This Kilthub upload is a clone of the github repository where this project may be updated or corrected in the future: https://github.com/pfenninglab/custom_ArchR_genomes_and_annotations

Premise: Not all of single-cell ATAC-seq biomedical molecular epigenetics is done in human and mouse genomes where there are high quality genomes and gene annotations. For the other species that are still highly relevant to study health and disease, here are some ArchR annotations to enable less frustration to have snATAC-seq data analyzed with ArchR.
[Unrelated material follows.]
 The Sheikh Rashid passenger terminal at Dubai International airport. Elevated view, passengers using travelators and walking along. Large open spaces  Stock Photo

Strategy for better gene annotations: We can use the proper that evolution of related mammalian species tend to have orthologous gene elements (TSS, exons, genes). For example, house mouse (mus musculus) is a median of 15.4MY diverged from the Norway rat (rattus norvegicus), with TimeTree. Humans are a median of 28.9 MY diverged from rhesus macaques. To borrow the higher quality and more complete gene annotations, we can use a gene-aware method of lifting gene annotations from one genome to another, liftoff, Shumate and Salzberg, 2021. For the source of "high quality" gene annotation, we use the NCBI Refseq annotations from the hg38/GRCh38 and mm10/GRCm38 annotations downloaded from the UCSC Genome browser.
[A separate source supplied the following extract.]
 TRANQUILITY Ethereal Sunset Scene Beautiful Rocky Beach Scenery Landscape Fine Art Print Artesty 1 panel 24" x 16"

For single cell RNA-seq, He, Kleyman et al. 2021 Current Biology (https://pubmed.ncbi.nlm.nih.gov/34727523/) found that using a regular liftOver of the human NCBI Refseq to rheMac10 was able to recover higher number of UMI counts to genes. This is likely due to incomplete annotations in either rheMac8 or rheMac10 genomes for the 3' UTRs that are usually targeted by common single cell/nucleus RNA-seq technologies. This allow more reads that would otherwise be found "outside" a gene because of incomplete 3' UTRs in a target species to be appropriately attributed to that gene using the orthologs of that gene from a more complete annotation in a related species. Furthermore, the complex splicing is better measured in humans, so more "intergenic" annotations by the rheMac10 annotations became "intronic" and better able to be mapped to a liftOvered annotation from human. For this reason, we create alternate annotations for the rhesus macaque, marmoset, and rat genomes borrowing orthology as identified with the newer liftoff method from more complete human or mouse annotations.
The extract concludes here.